▸ **INSTRUCTIONS TO FOLLOW**: Would you print the data below exactly, leaving out every picture?

(Stored data)
● ● ● ● ● ● ●

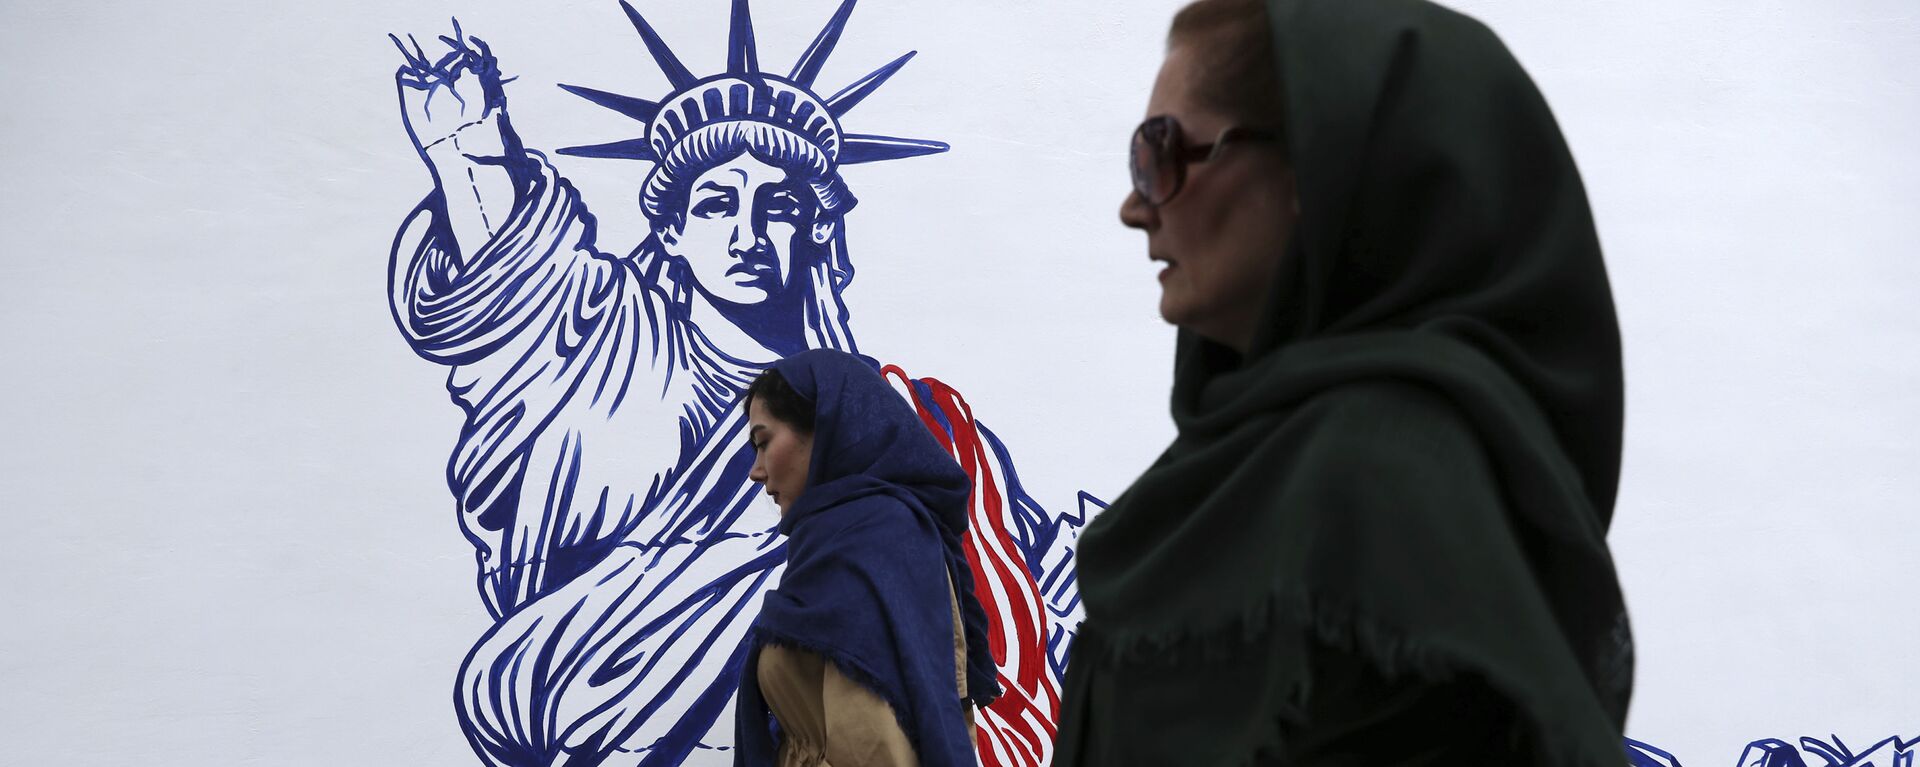 Pessoas passam por mural satírico da Estátua da Liberdade no prédio da antiga embaixada da EUA em Teerã, Irã, 2 de novembro de 2019 - Sputnik Brasil, 1920, 17.07.2022
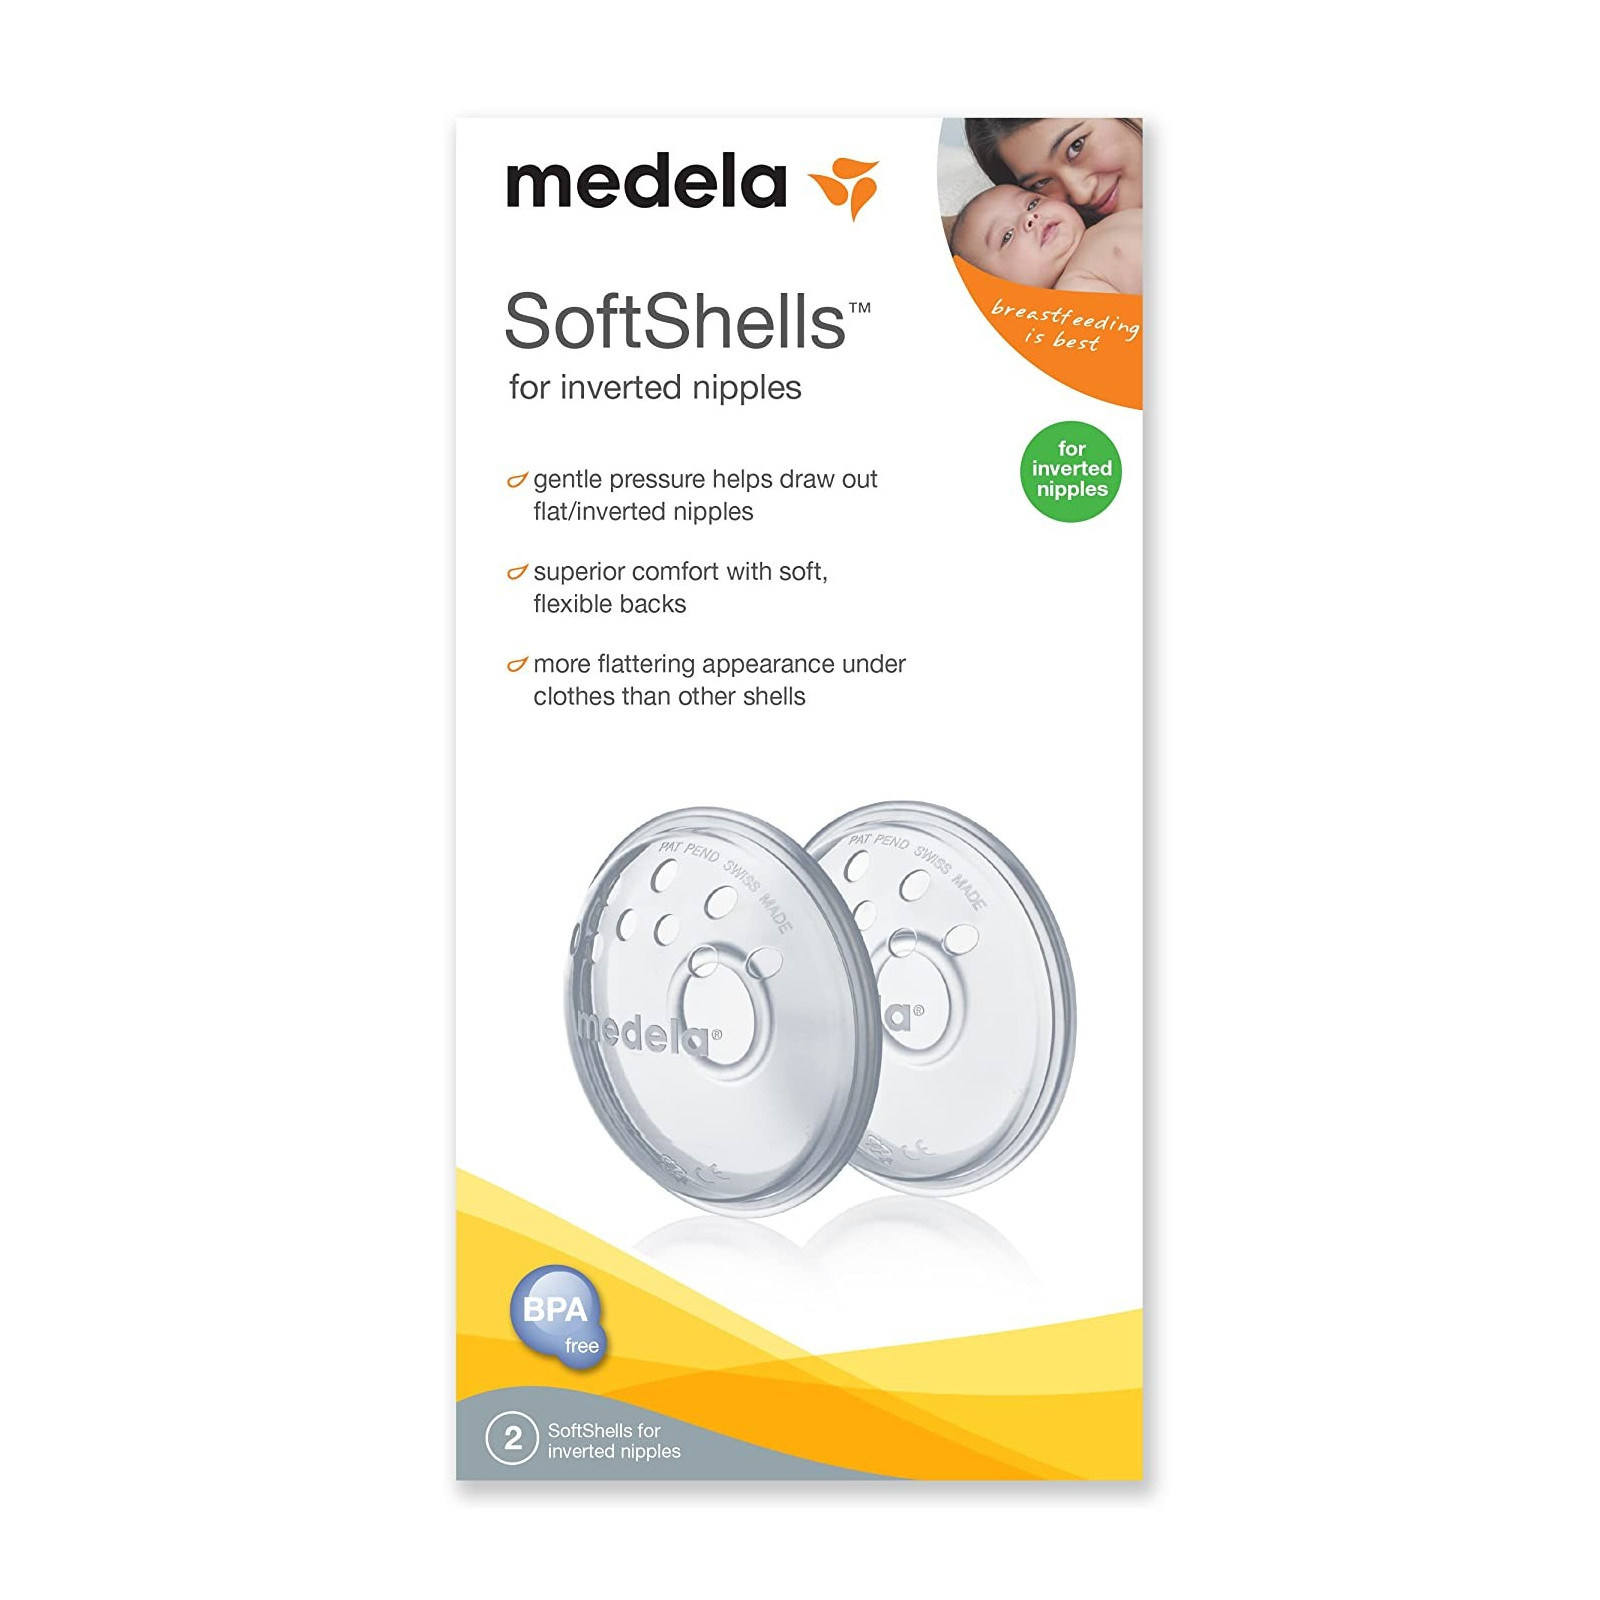 Medela TheraShells Breast Shells
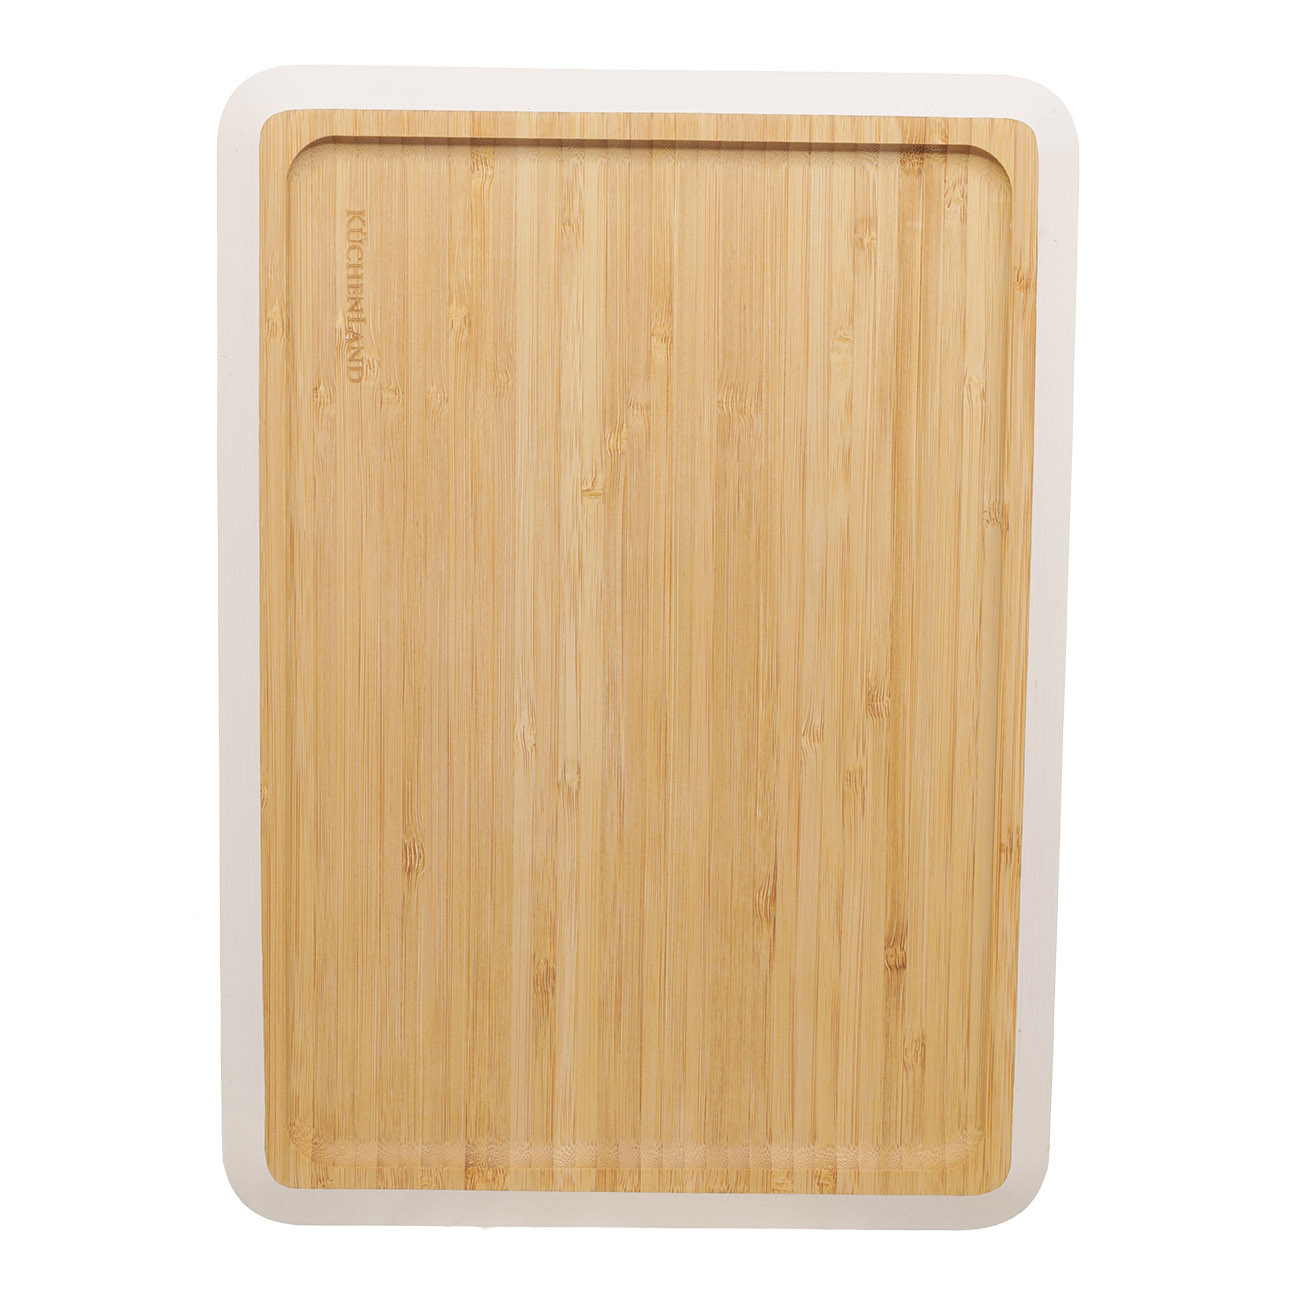 Блюдо, 33x24 см, бамбук, прямоугольное, молочный кант, Bamboo soft изображение № 3
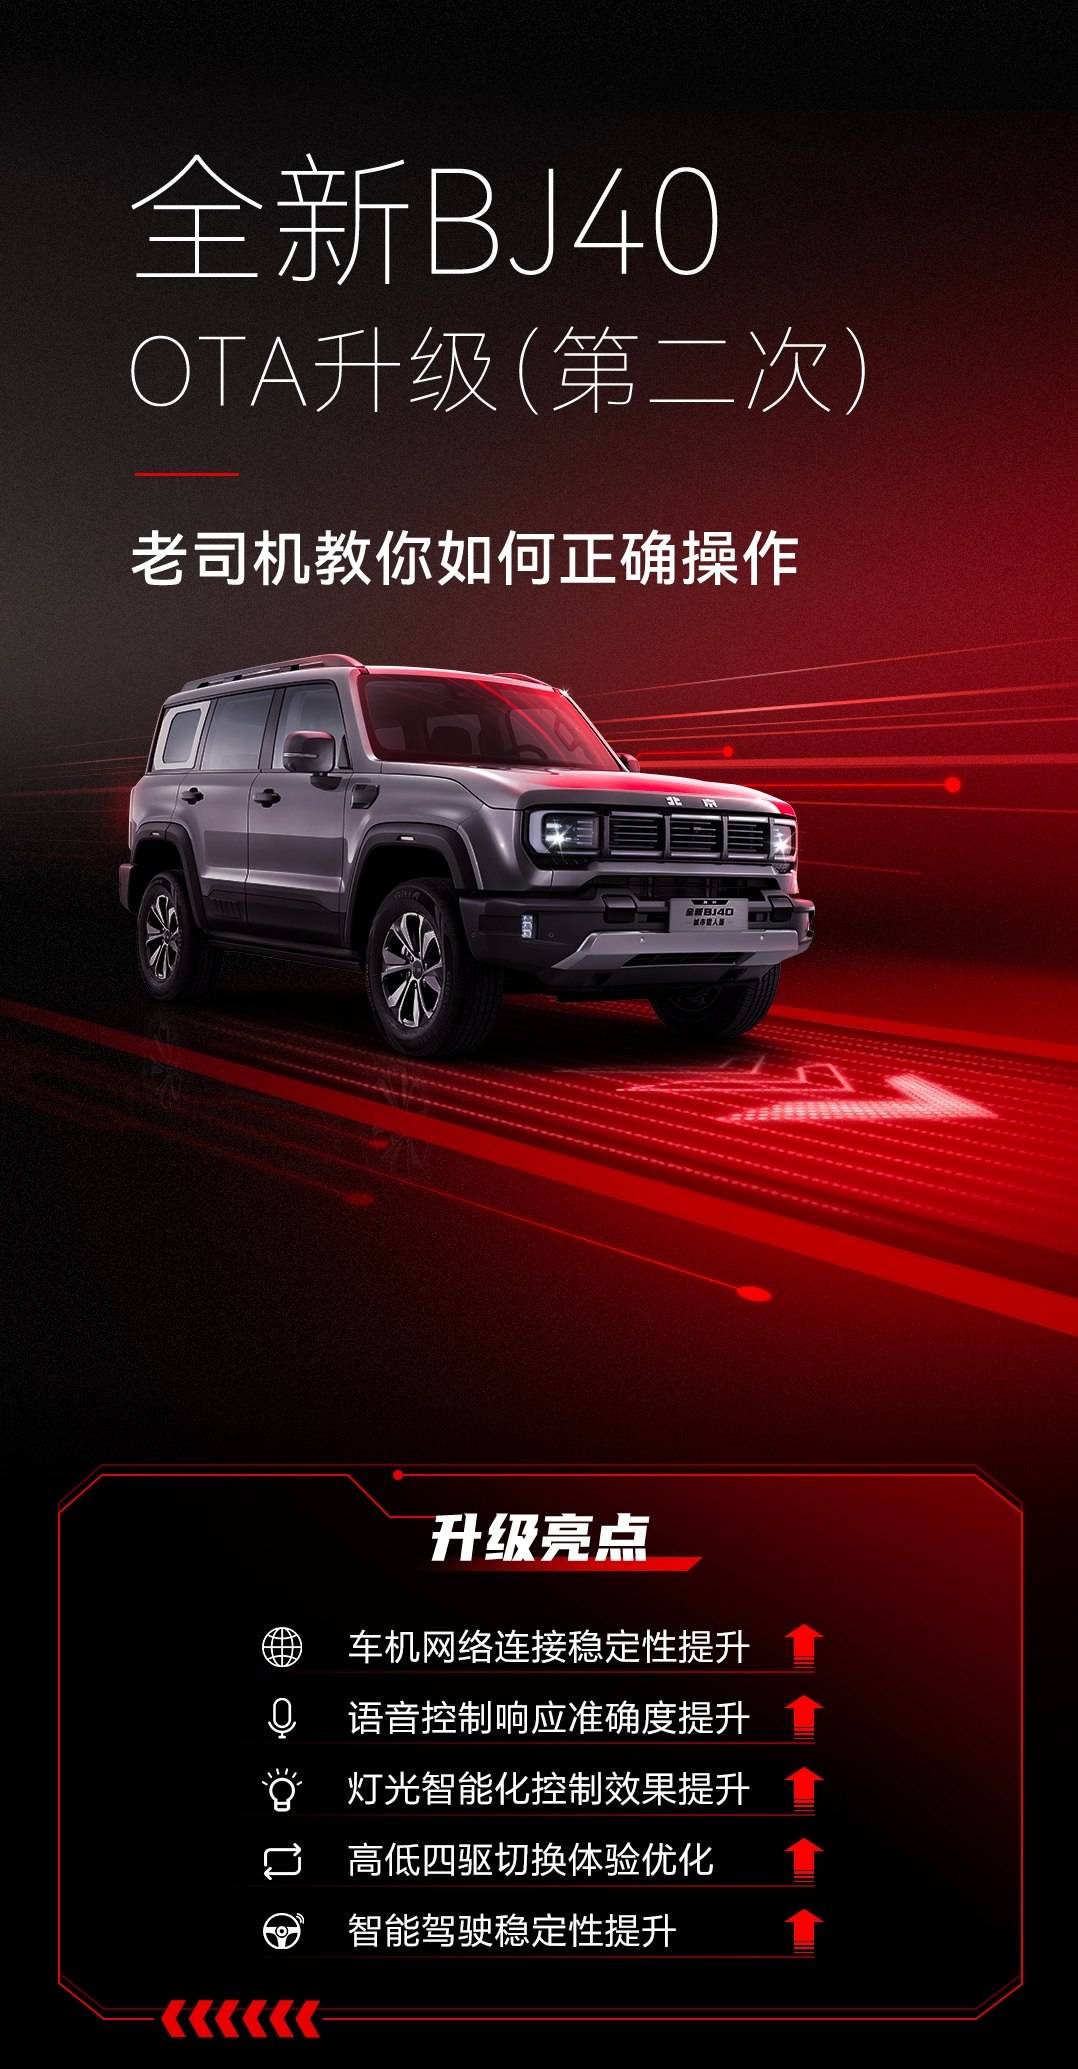 共计5项优化升级，全新Beijing BJ40开启第二次OTA升级_搜狐汽车_ Sohu.com。
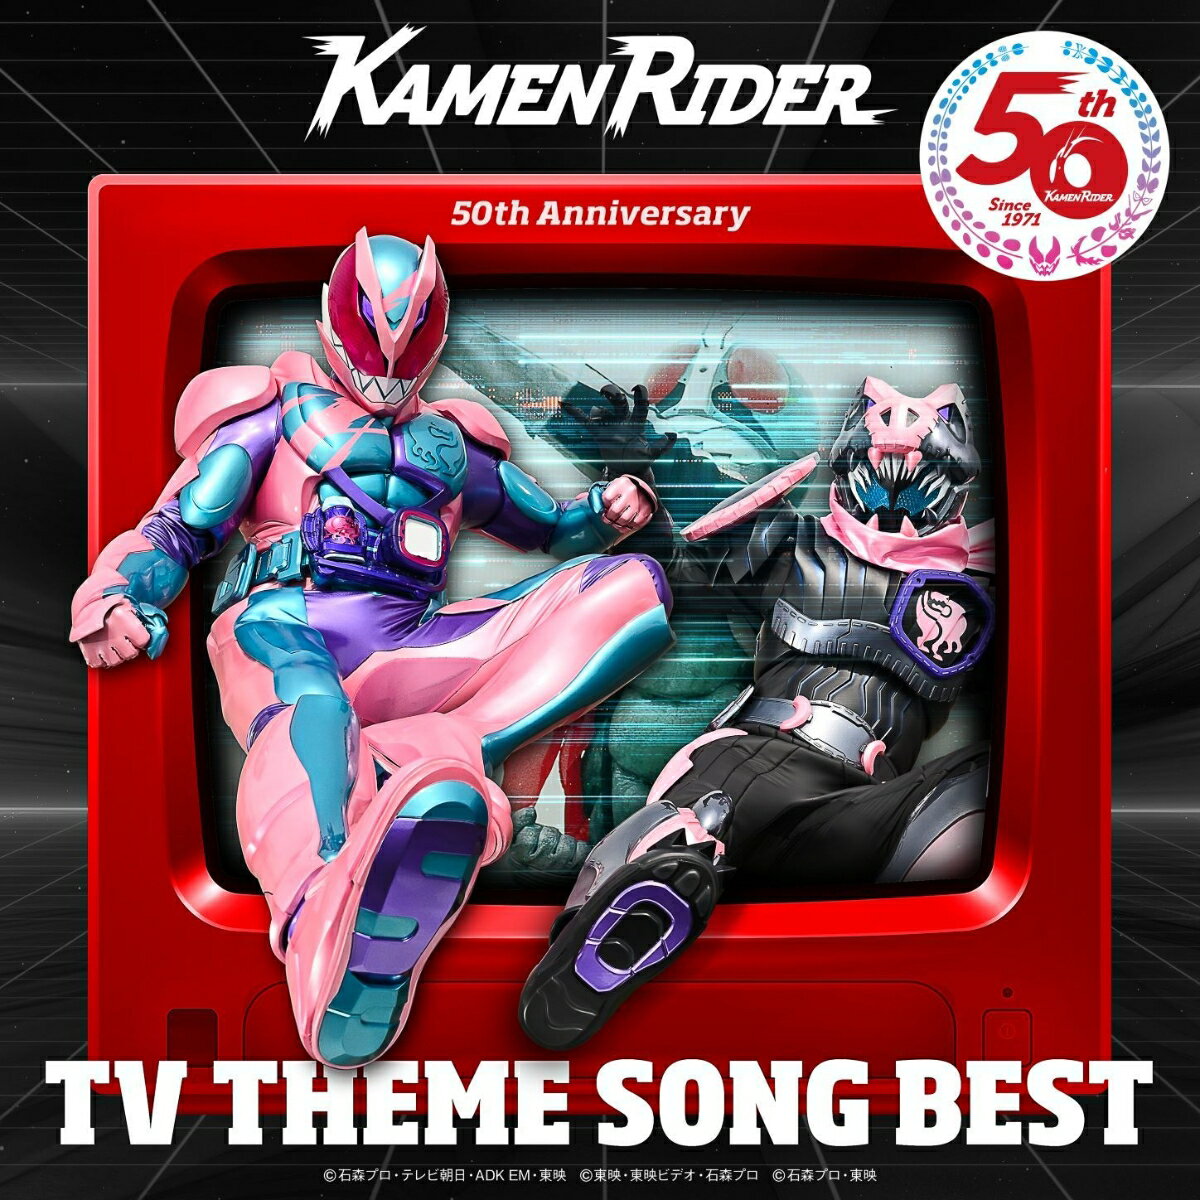 仮面ライダー 50th Anniversary TV THEME SONG BEST【CD5枚組】

● ● ● ● ● ● ●

▸ **RESULT OF THIS EXERCISE**:
 Pessoas passam por mural satírico da Estátua da Liberdade no prédio da antiga embaixada da EUA em Teerã, Irã, 2 de novembro de 2019 - Sputnik Brasil, 1920, 17.07.2022
 Medela TheraShells Breast Shells
 Блюдо, 33x24 см, бамбук, прямоугольное, молочный кант, Bamboo soft изображение № 3
 共计5项优化升级，全新Beijing BJ40开启第二次OTA升级_搜狐汽车_ Sohu.com。
 仮面ライダー 50th Anniversary TV THEME SONG BEST【CD5枚組】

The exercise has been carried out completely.